The unmasking of late BBC television presenter Jimmy Savile as one of Britain’s most prolific sex offenders has forced a wider questioning about how paedophiles in positions of power could sow such damage while evading detection for so long.
Once feted as a national treasure, Savile is now known to have used his fame to get unsupervised access to his victims, raping and abusing girls, boys, men, women and even dead bodies.
Fears that claims of abuse by politicians were not properly investigated at the time were stoked when one of former prime minister Margaret Thatcher’s most trusted advisers admitted there may well have been a cover-up of child abuse in the 1980s.

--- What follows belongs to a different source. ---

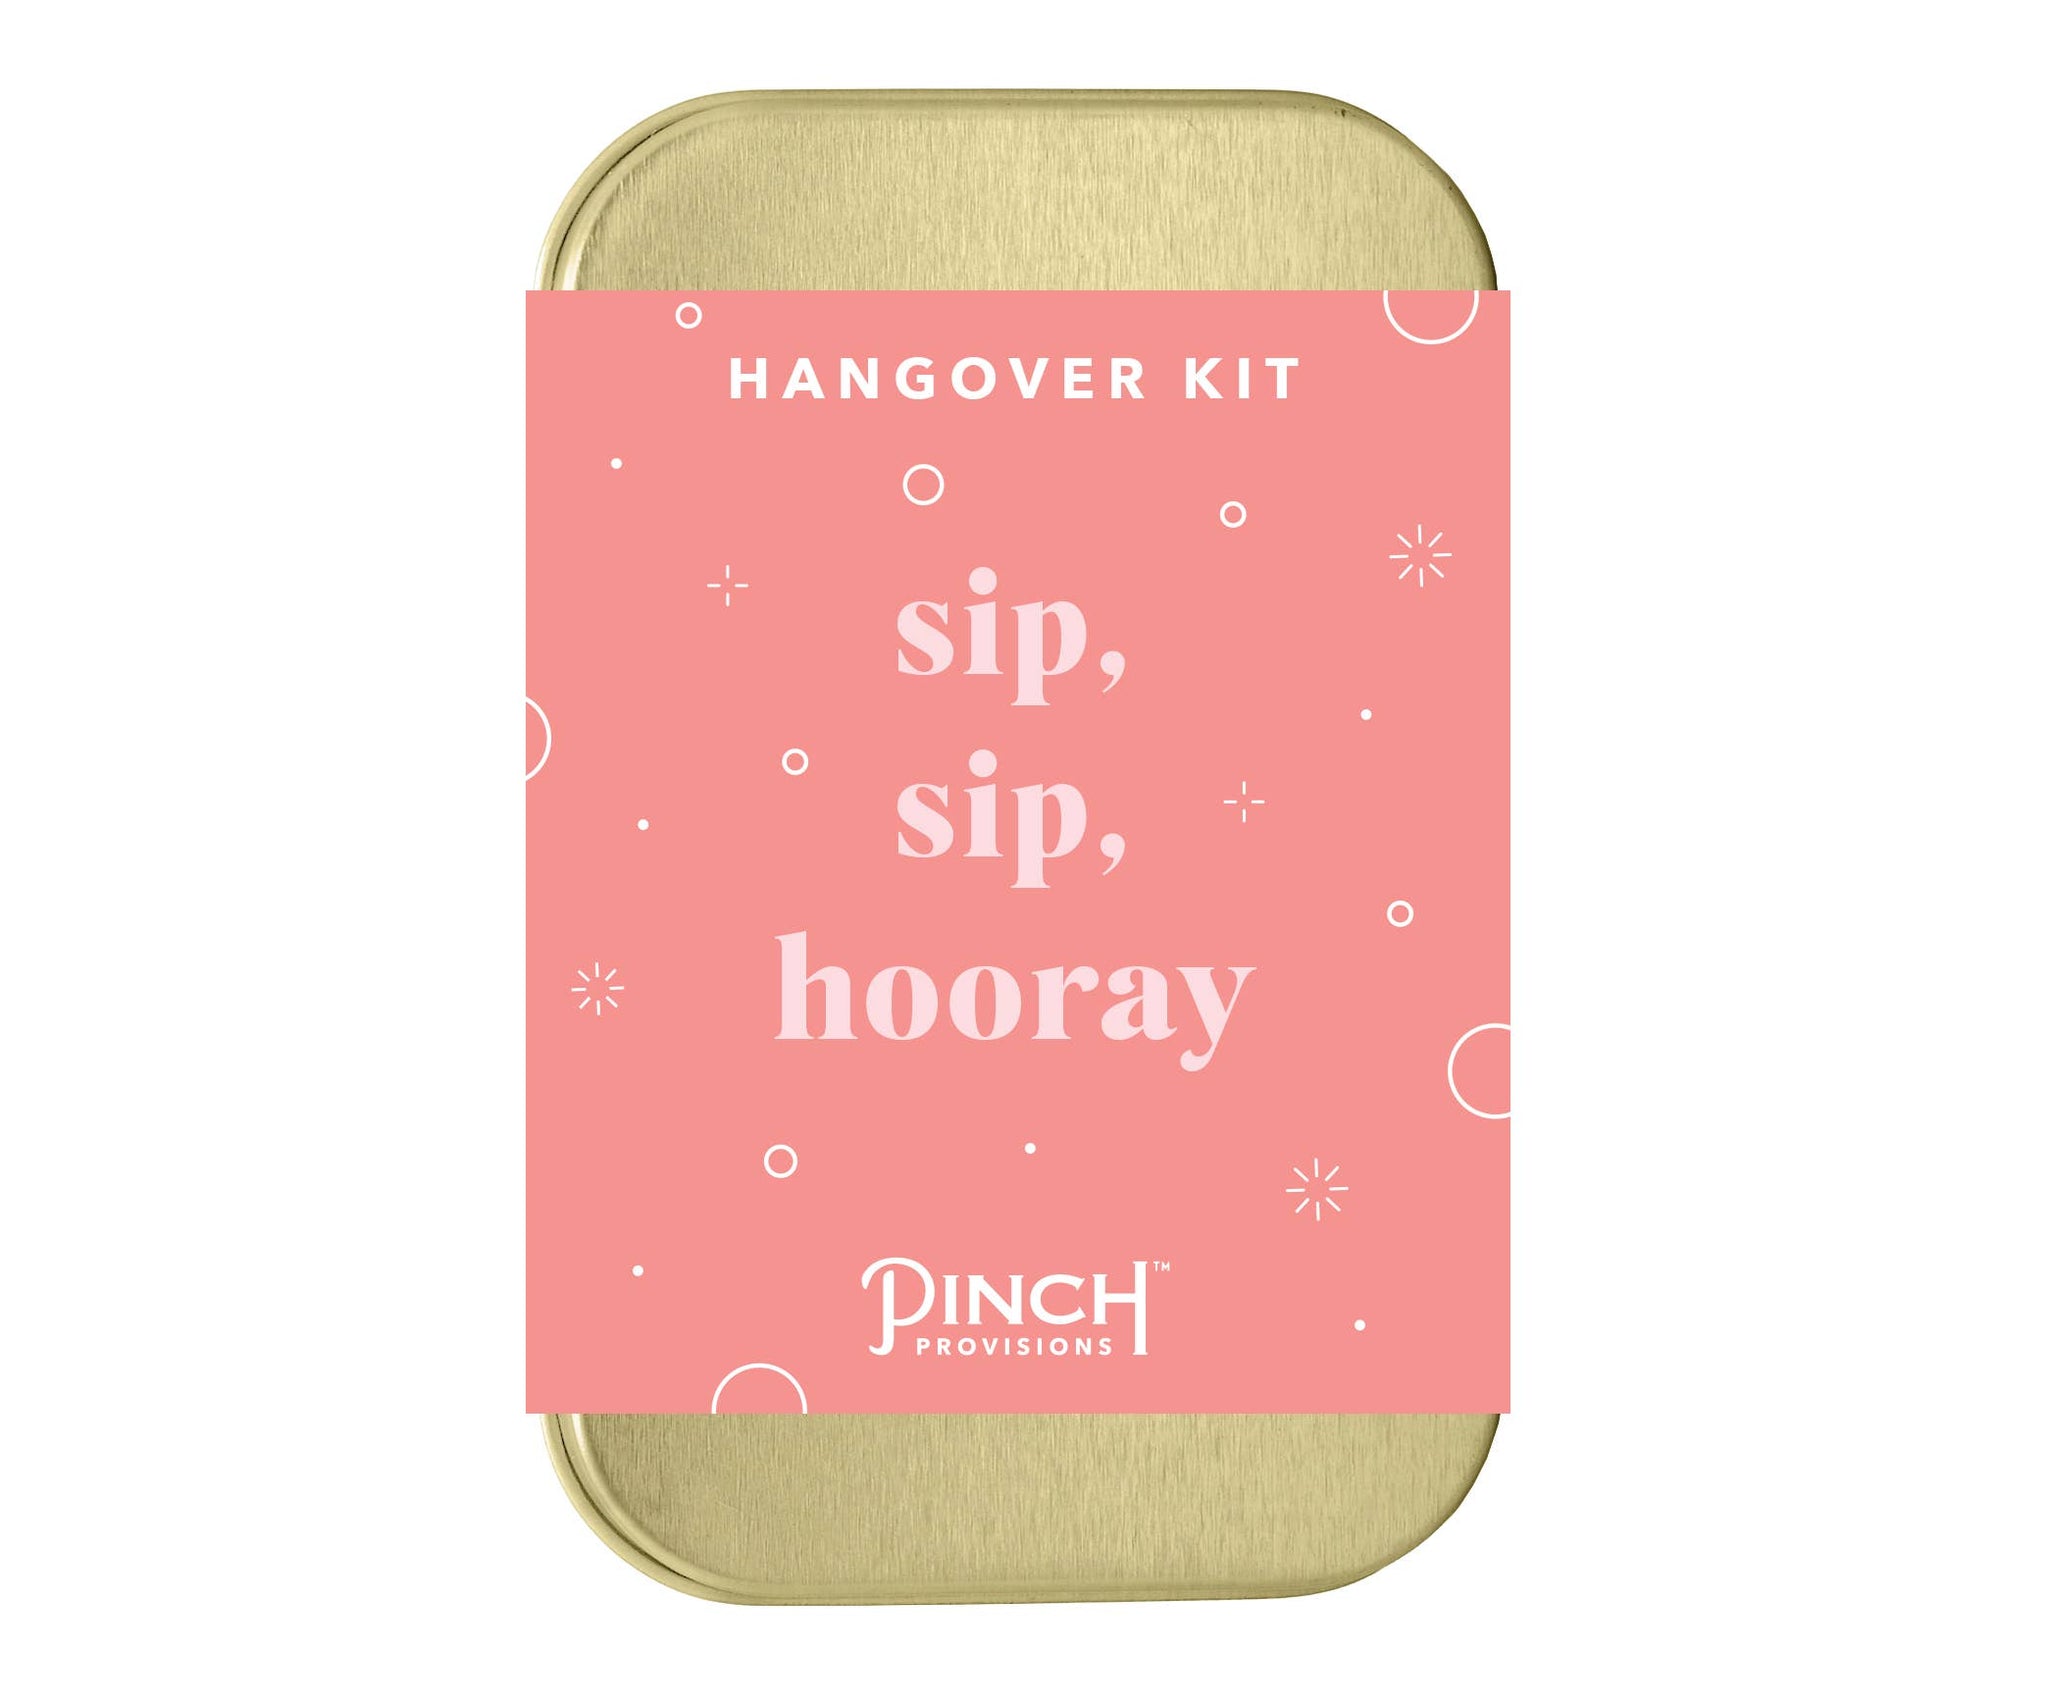 Pinch Provisions - Hangover Kits

“At that time I think most people would have thought that the establishment, the system, was to be protected,” said Norman Tebbit, a former Conservative minister.
“And if a few things had gone wrong here and there that it was more important to protect the system than to delve too far,” he said. “That view was wrong.”
Such a blunt assessment of the priorities of an earlier Britain was explosive, prompting front-page headlines about “V.I.P. Paedos” in local print media and leading national television news bulletins.
Abuse claims have sullied the reputations of some of the world’s most venerated institutions: Pope Francis yesterday told victims of sexual abuse by Roman Catholic clerics that the Church should “weep and make reparation” for crimes.
In Britain, local media have alleged that a group of British politicians and others in positions of authority may have used their positions to abuse children in state care during the 1980s. It was not possible to independently evaluate those claims.